Wednesday, November 7, 2018

Iceland raises rate 25 bps as inflation expectations rise

     Iceland's central bank raised its key interest rate, the rate on 7-day term deposits, by 25 basis points to 4.50 percent and warned "if inflation expectations continue to rise and remain persistently at a level above the target, it will call for a tighter monetary stance."
     It is the first rate  hike by the Central Bank of Iceland (CBI) since November 2015 and the first change in rates since a 150-basis-point easing cycle from August 2016 concluded with a 25-point cut in October 2017.
     Today's rate increase comes after the CBI in June began warning of the need for tighter monetary policy in light of rapid economic growth and wage pressures.
     In its October policy statement the bank's monetary policy committee then warned rates would rise if inflation expectations continued to rise and remain above the bank's target of 2.5 percent.
     "GDP growth in 2017 and H1/2018 was stronger than previously estimated," CBI said, raising its growth forecast for 2018 to 4.4 percent from an earlier 3.6 percent although growth is expected to slow down and help close the output gap.
     For 2019 CBI retained its forecast for economic growth of 2.7 percent, then lowered the 2020 forecast to 2.5 percent from an earlier 3.0 percent, and forecast 2.6 percent growth in 2021.
     Iceland's economy has enjoyed an economic boom in recent years, it grew 4.0 percent last year, boosted by a surge in tourism.
      Iceland's gross domestic product expanded by an annual 7.2 percent in the second quarter of this year, up from 5.6 percent in the first quarter while inflation rose to 2.8 percent in October from 2.7 percent in September, boosted by higher import prices from a lower exchange rate of the krona and higher oil prices.
     "The outlook is for inflation to continue rising and be somewhat above the target next year," CBI said, adding inflation expectations have risen recently and now above target.
     In its latest monetary bulletin, CBI maintained its forecast for headline inflation this year to average 2.7 percent, up from 1.8 percent last year, but raised the forecast for 2019 inflation to 3.4 percent from an earlier 2.8 percent as unit labour cost rise 5.3 percent after a 5.6 percent rise in 2018.
     In 2020 inflation is seen averaging 2.7 percent and then easing to CBI's 2.5 percent target in 2021.
     After rising sharply from March 2015 to June 2017, Iceland's krona has weakened this year and is now 8 percent weaker than CBI projected in its previous forecast from August and at its lowest level in more than two years as export growth has slowed and investors have turned more pessimistic.
      The CBI expects the exchange rate to remain broadly at its year-to-date average for the next two years, or a trade-weighted exchange rate index about 3 percent lower in 2018 than in 2017. For 2019 a further 3 percent decline in expected.
     Today the krona firmed in response to the rate hike and was trading at 120.4 to the U.S. dollar, down 14 percent this year.

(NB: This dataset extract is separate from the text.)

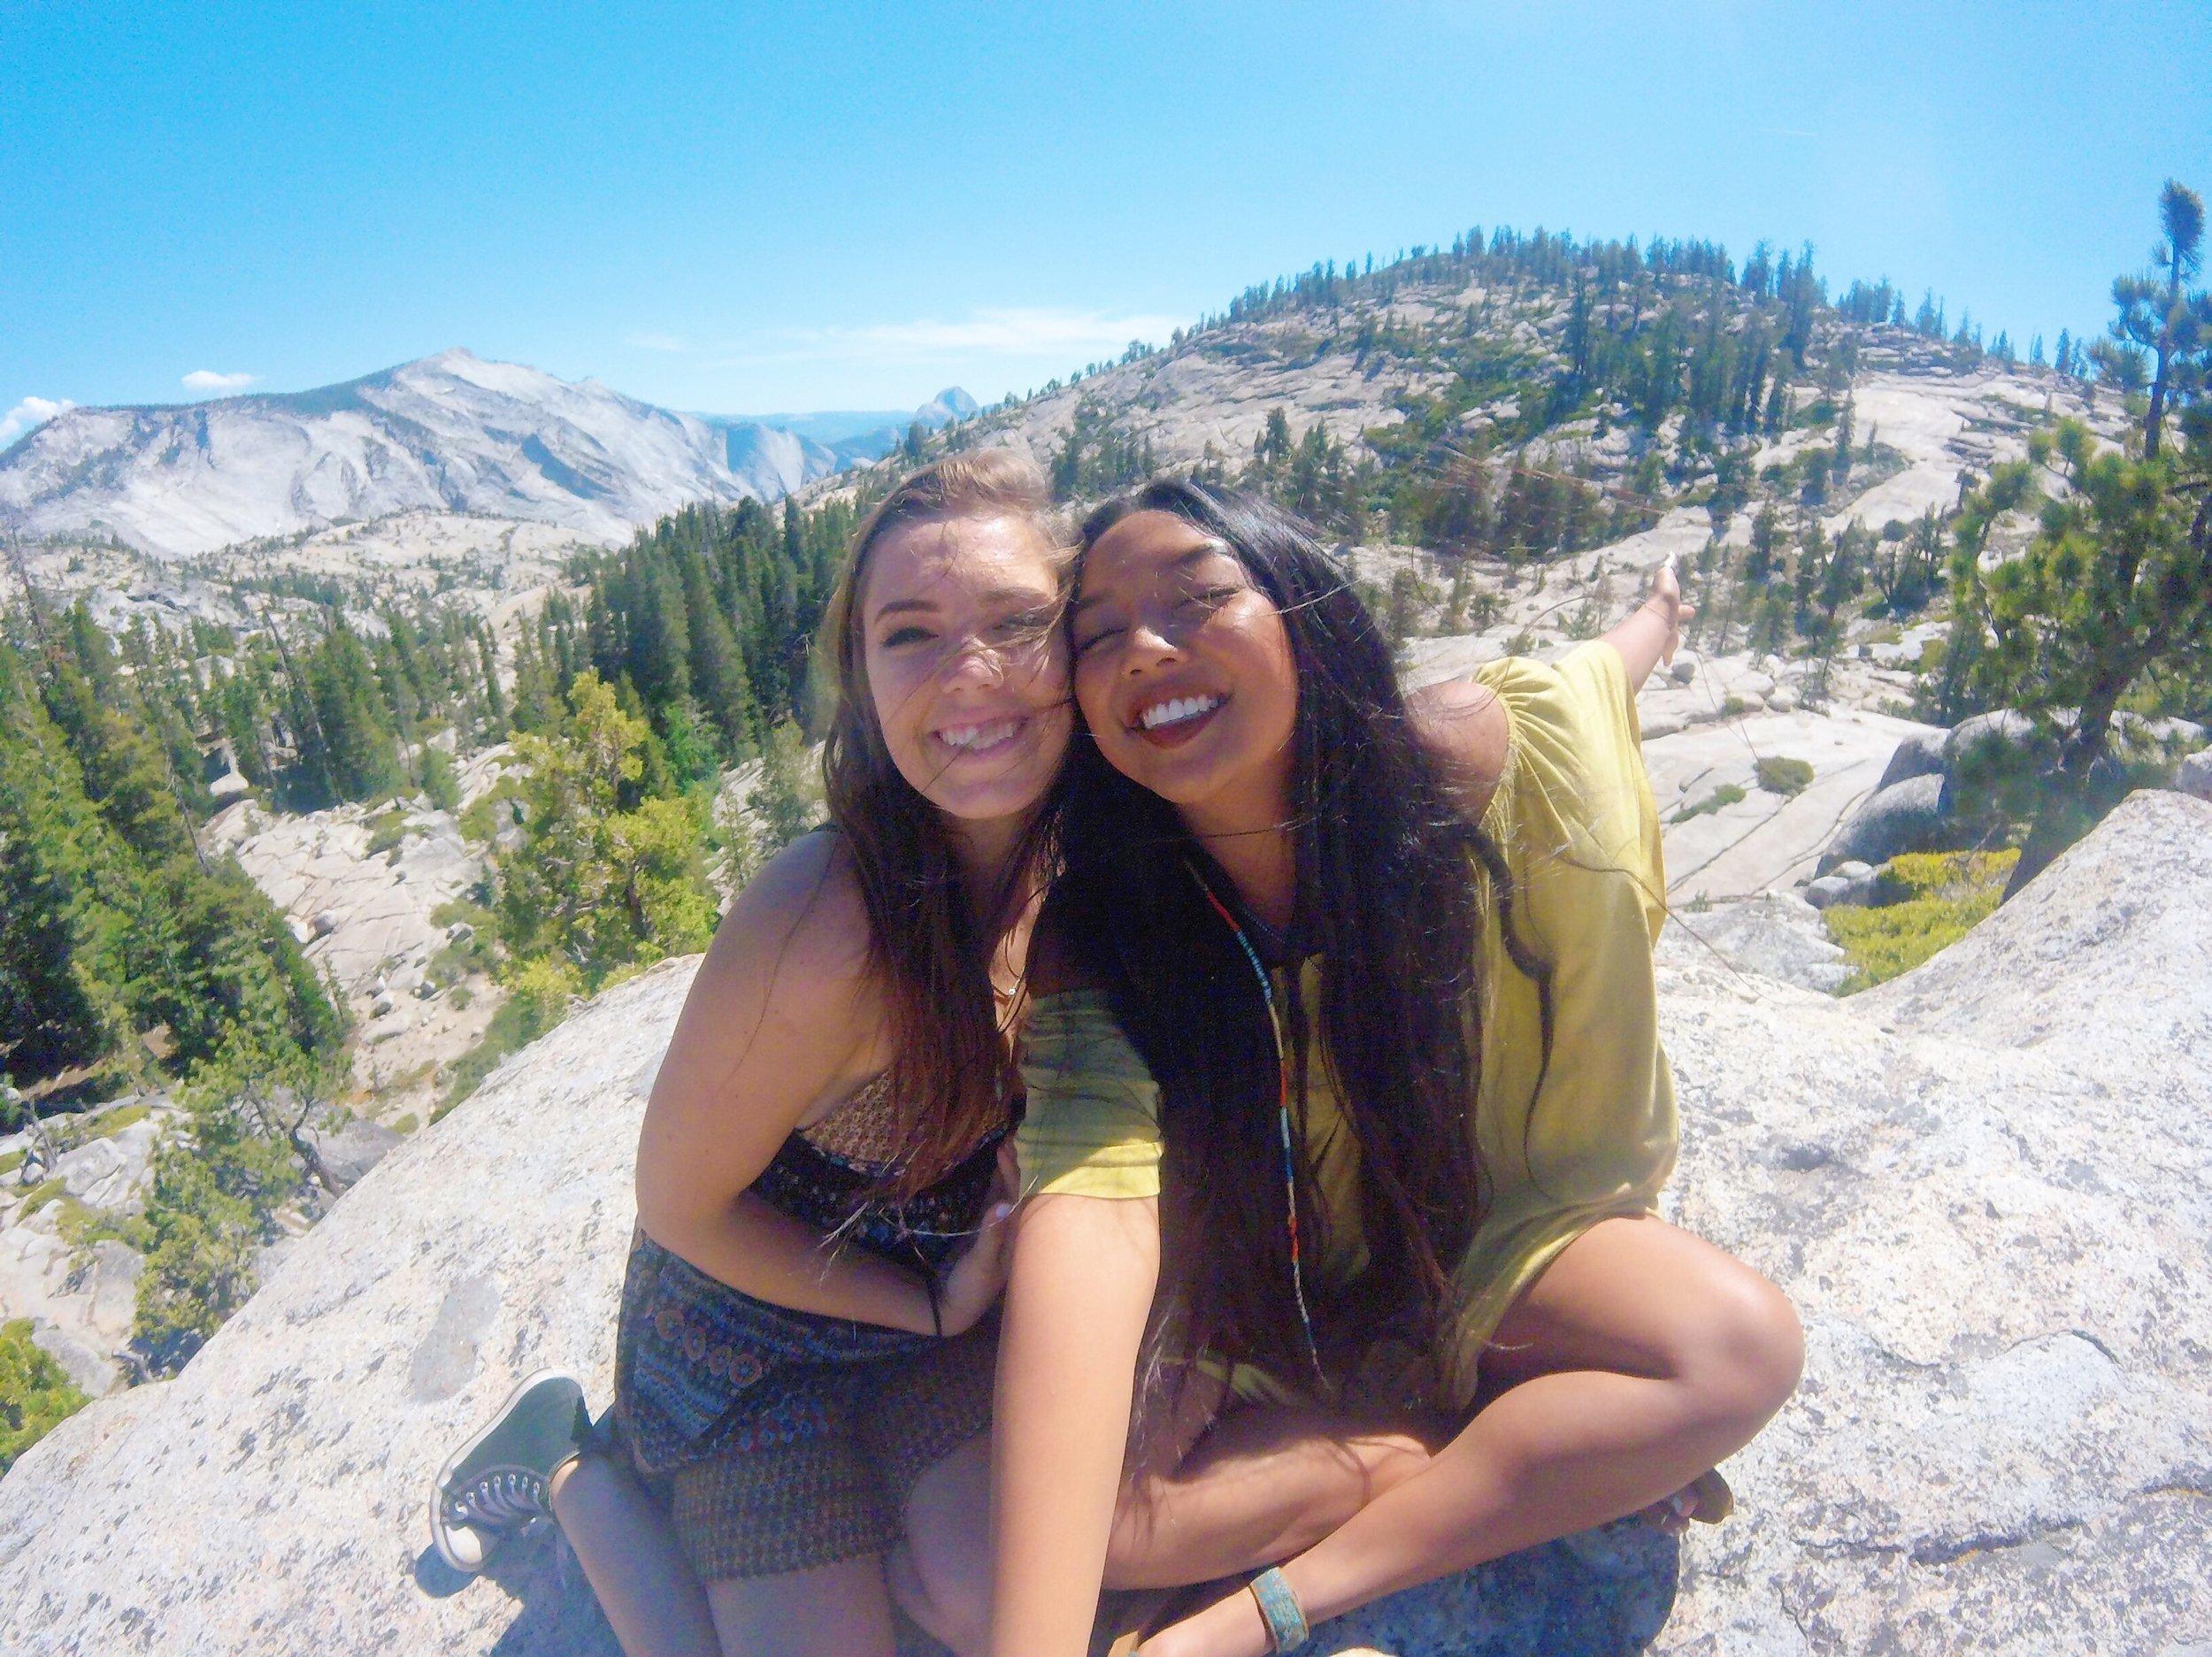 A little bit of Yosemite!

     The Central Bank of Iceland issued the following statement:
   

"The Monetary Policy Committee (MPC) of the Central Bank of Iceland has decided to raise the Bank’s interest rates by 0.25 percentage points. The Bank’s key interest rate – the rate on seven-day term deposits – will therefore be 4.5%. 
GDP growth in 2017 and H1/2018 was stronger than previously estimated. Even though growth is expected to slow down in H2, it is forecast at 4.4% for 2018 as a whole, according to the November Monetary Bulletin. This is nearly 1 percentage point more than the Bank forecast in August. GDP growth is projected to ease in the coming term and the positive output gap is expected to close.
Inflation measured 2.8% in October. The difference between measures of inflation including and excluding housing is close to its smallest in over four years. The year-on-year rise in house prices continues to ease, but this is offset by a sizeable increase in import prices in the recent term. This partly reflects the rise in global oil prices, although the króna has also depreciated since August. 
The outlook is for inflation to continue rising and be somewhat above the target next year. In addition, inflation expectations have risen recently and are now above target by all measures. The inflation outlook has therefore deteriorated, but on the other hand, the outlook is for growth in economic activity to ease faster than previously expected. 
Higher inflation and inflation expectations in recent months have lowered the Central Bank’s real rate more than is desirable in view of current economic developments and prospects. As a result, it is necessary to raise the Bank’s key rate now. 
The near-term monetary stance will depend on the interaction between a narrower output gap, wage-setting decisions, and developments in inflation and inflation expectations.
The MPC reiterates that it has both the will and the tools necessary to keep inflation at target over the long term. If inflation expectations continue to rise and remain persistently at a level above the target, it will call for a tighter monetary stance. Other decisions, particularly those relating to the labour market and fiscal policy, will then affect the sacrifice cost in terms of lower employment."